▶ _Exercise directions_
When copying the listing below, skip every picture and keep each word as it stands.

▶ _Source information_
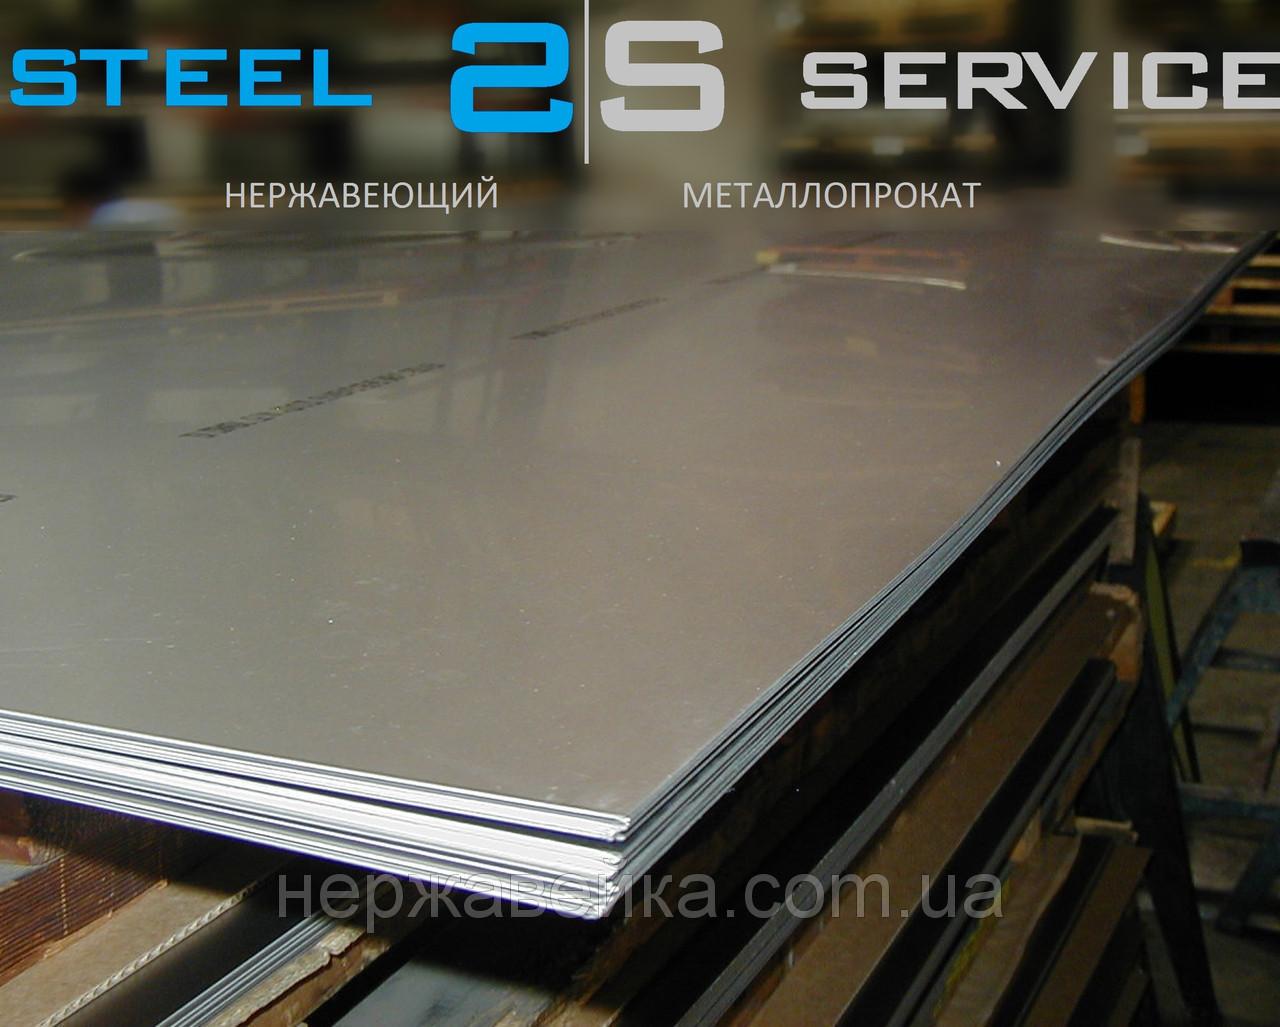 Нержавейка лист 12х1000х2000мм AISI 430(12Х17) 2B - матовый, технический
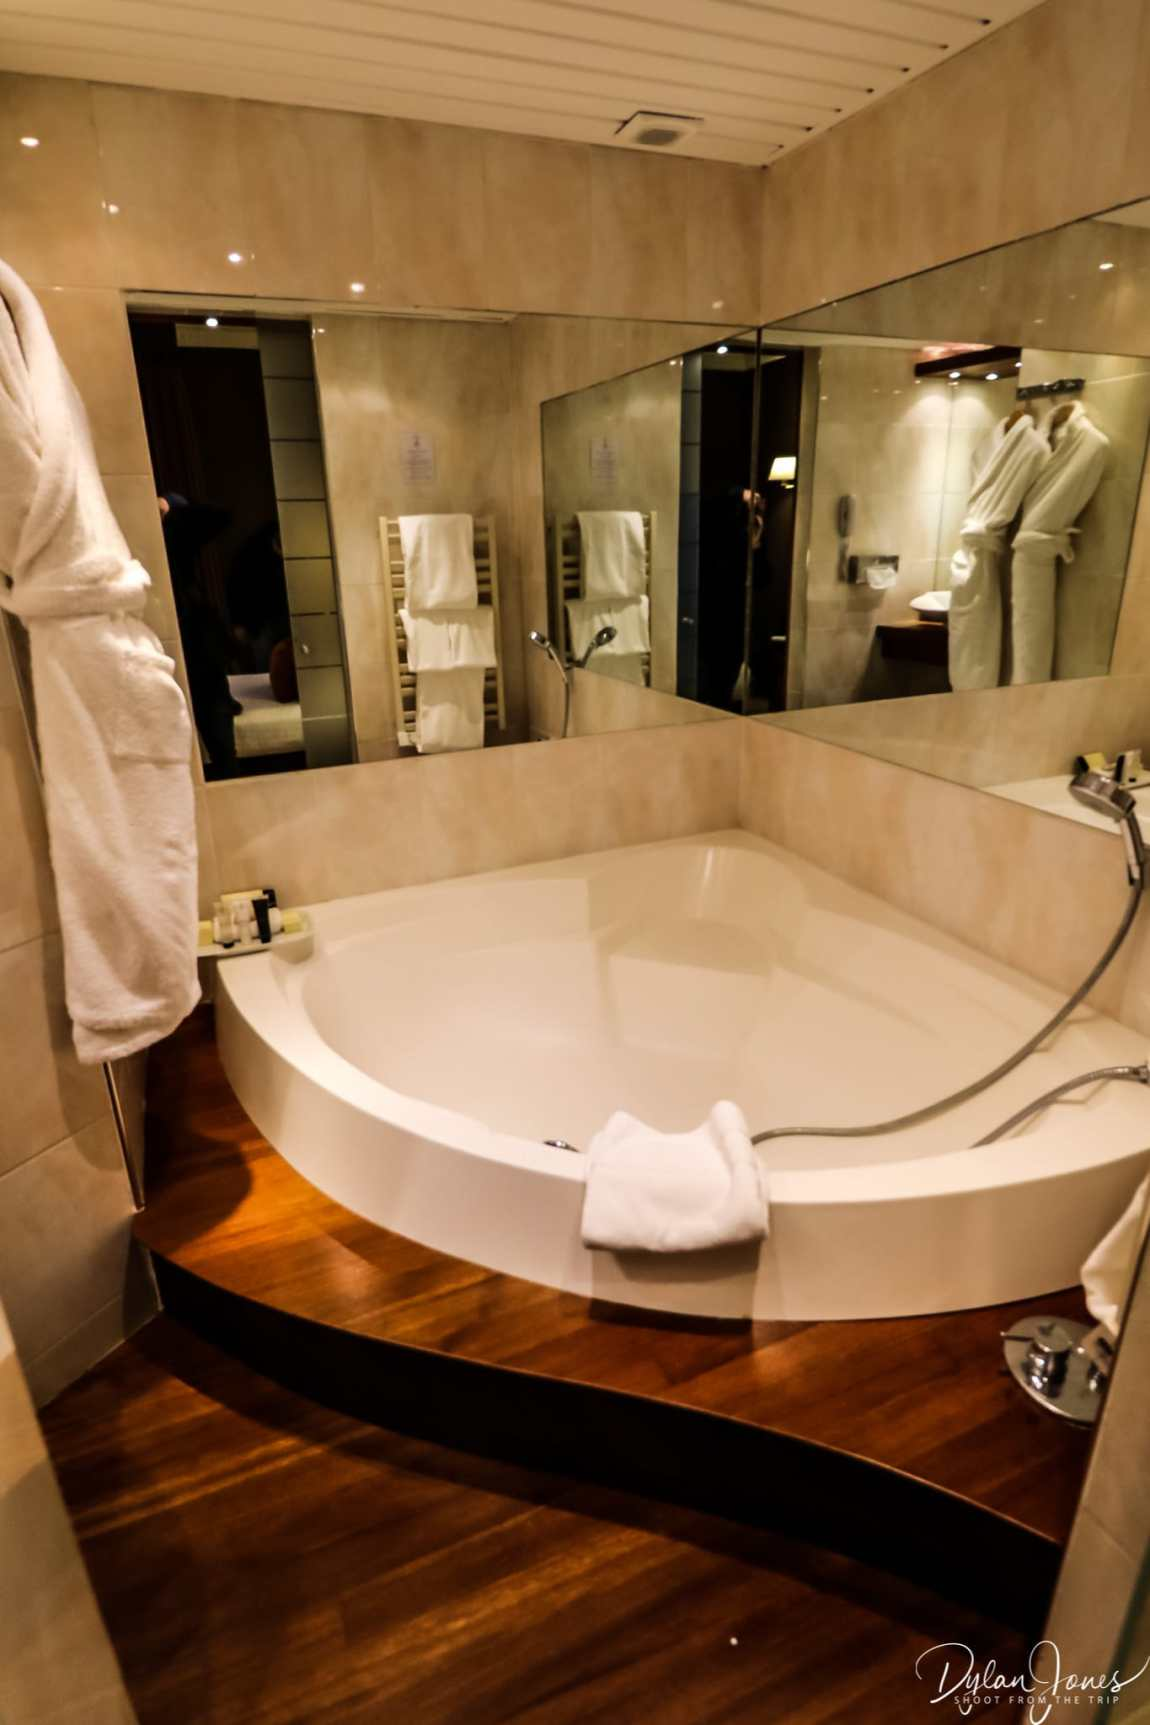 Bathroom at the Hotel Carlton Lille
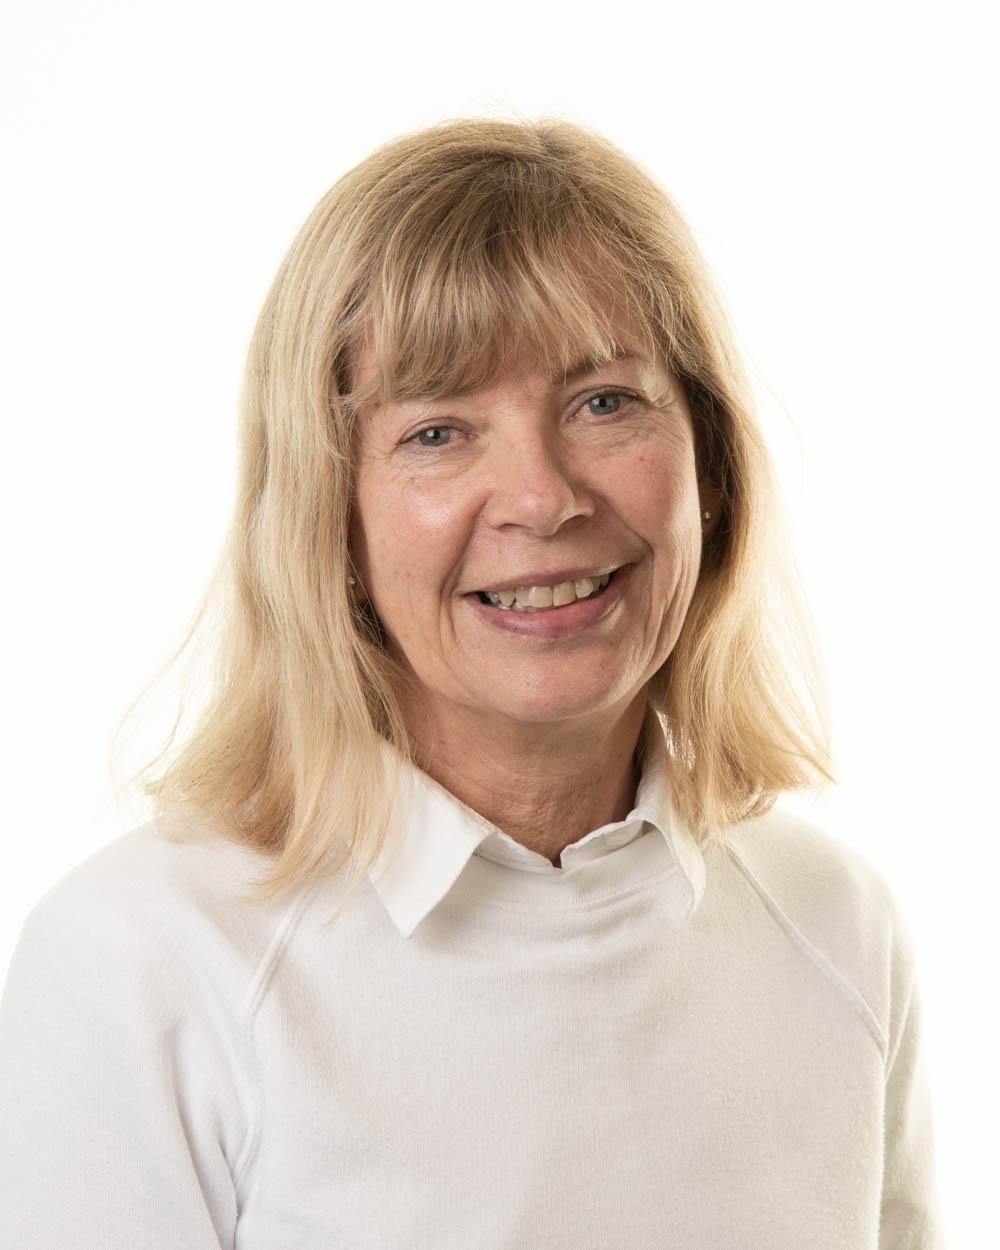 Maria Jonsson
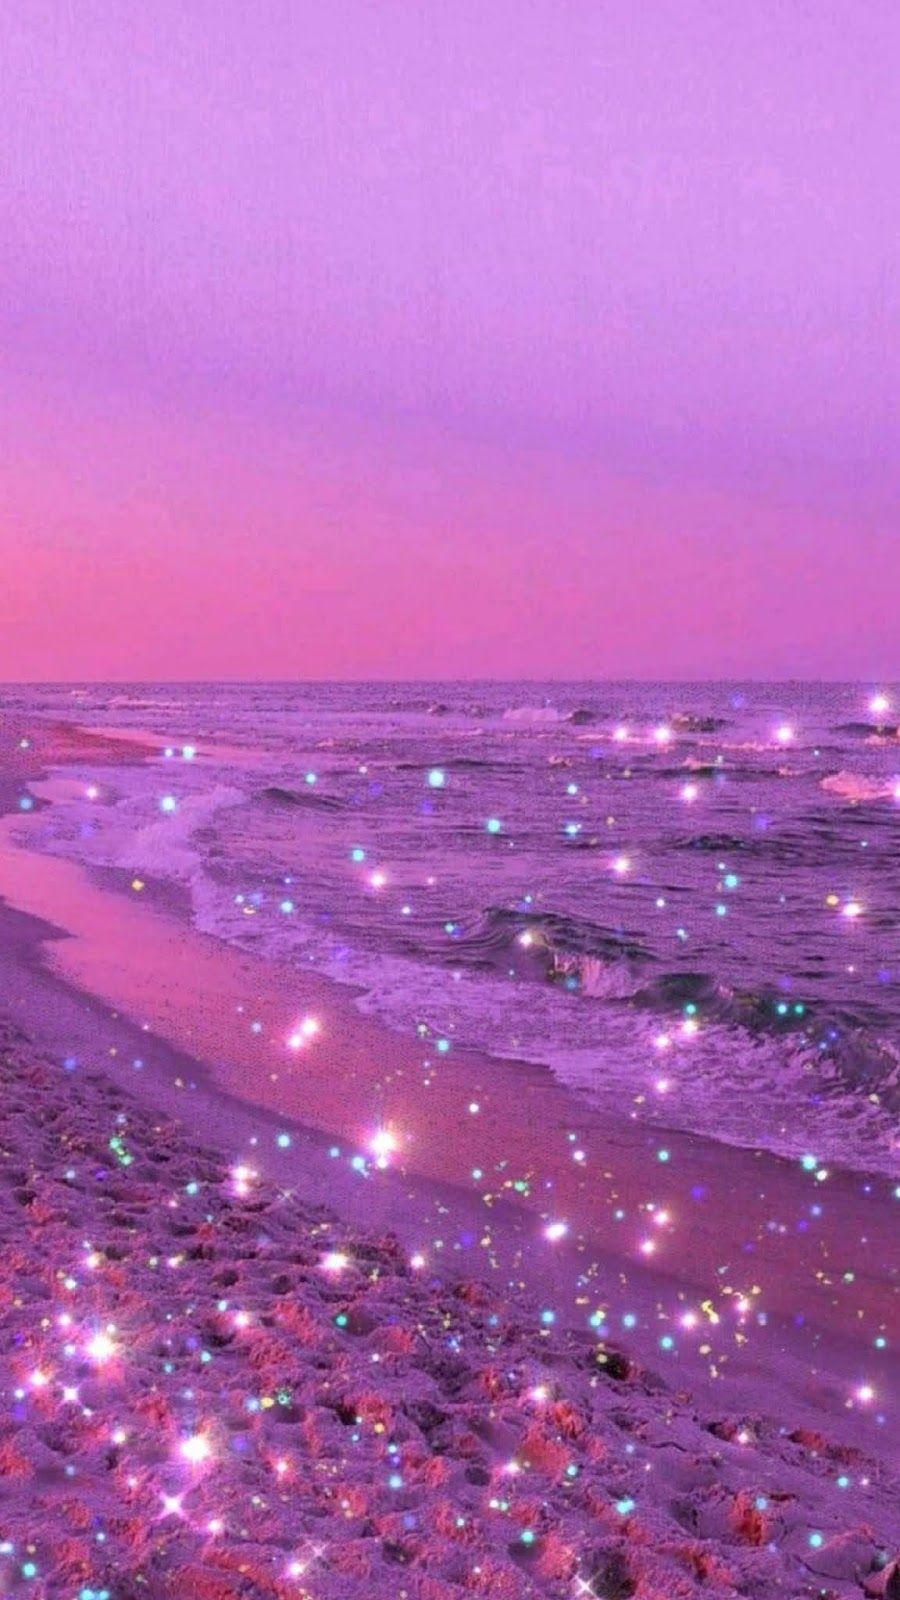 Ms Designer صور السماء و الغيوم خلفيات السماء و الغيوم خلفيات الفضاء خلفيات ا In 2021 Sparkle Wallpaper Aesthetic Pastel Wallpaper Pink Tumblr Aesthetic
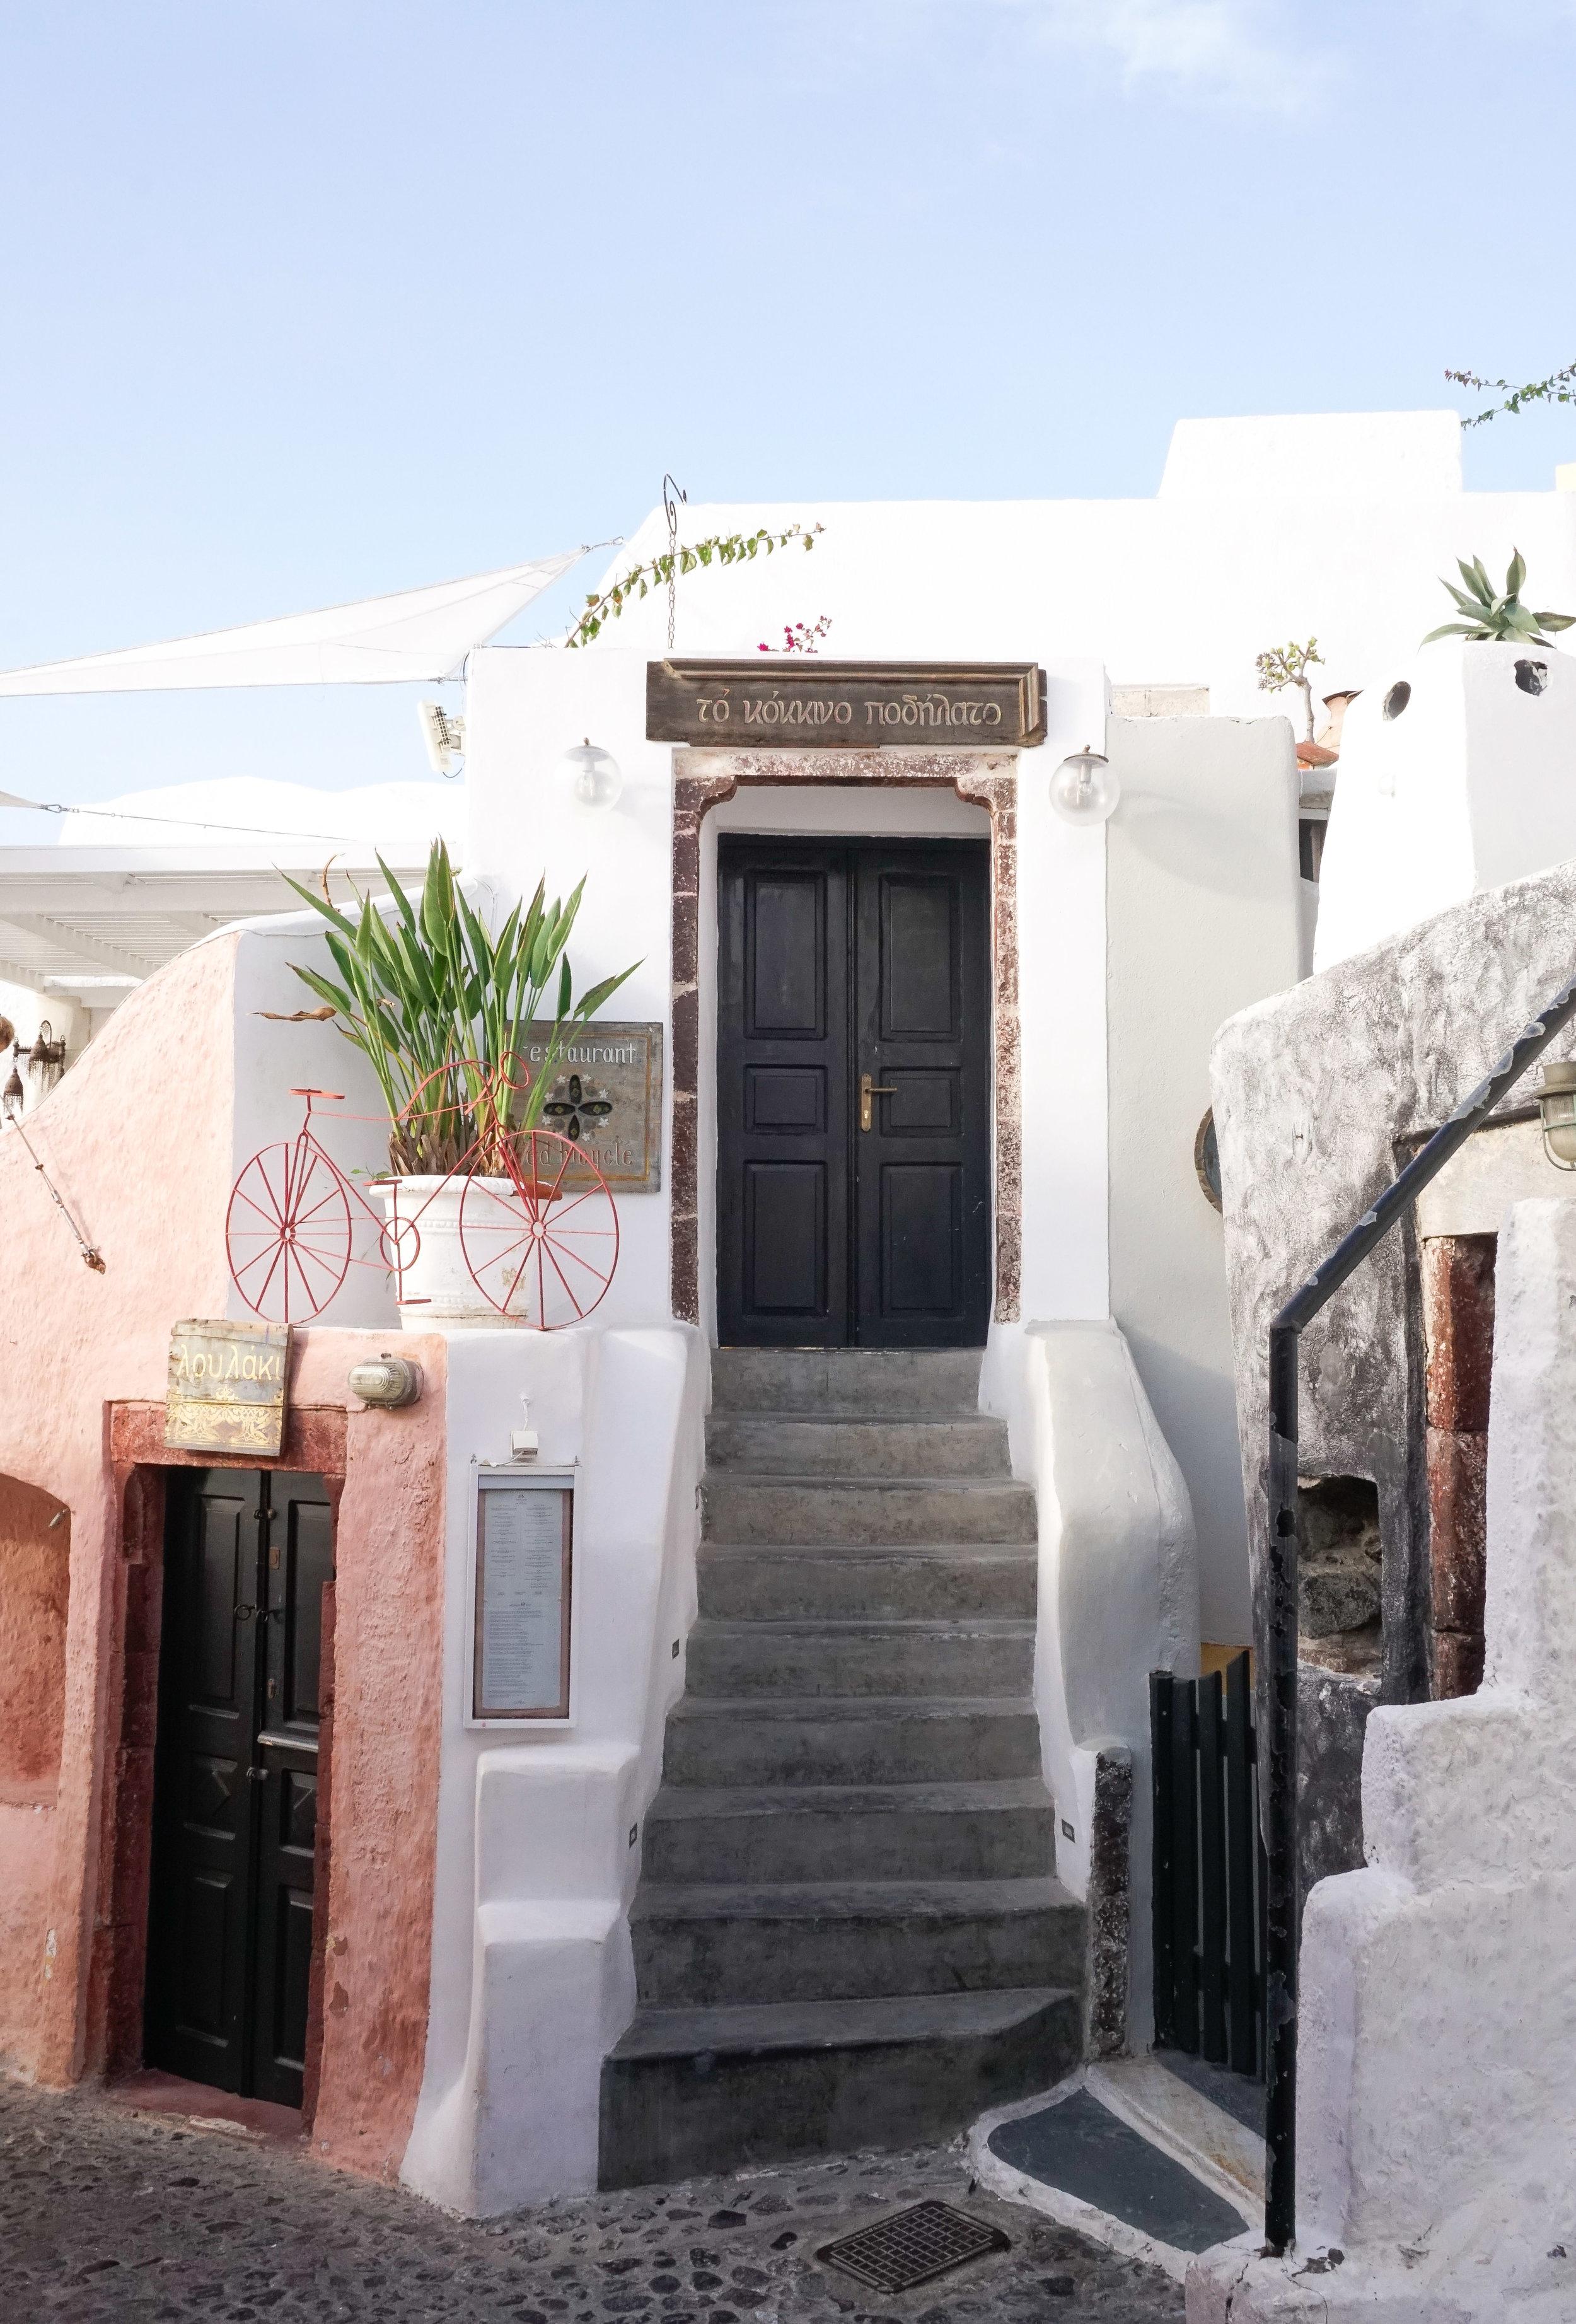 curio.trips.greece.santorini.street.scene.portrait.jpg

▶ _Answer to this problem_
 Нержавейка лист 12х1000х2000мм AISI 430(12Х17) 2B - матовый, технический
 Bathroom at the Hotel Carlton Lille
 Maria Jonsson
 Ms Designer صور السماء و الغيوم خلفيات السماء و الغيوم خلفيات الفضاء خلفيات ا In 2021 Sparkle Wallpaper Aesthetic Pastel Wallpaper Pink Tumblr Aesthetic
 curio.trips.greece.santorini.street.scene.portrait.jpg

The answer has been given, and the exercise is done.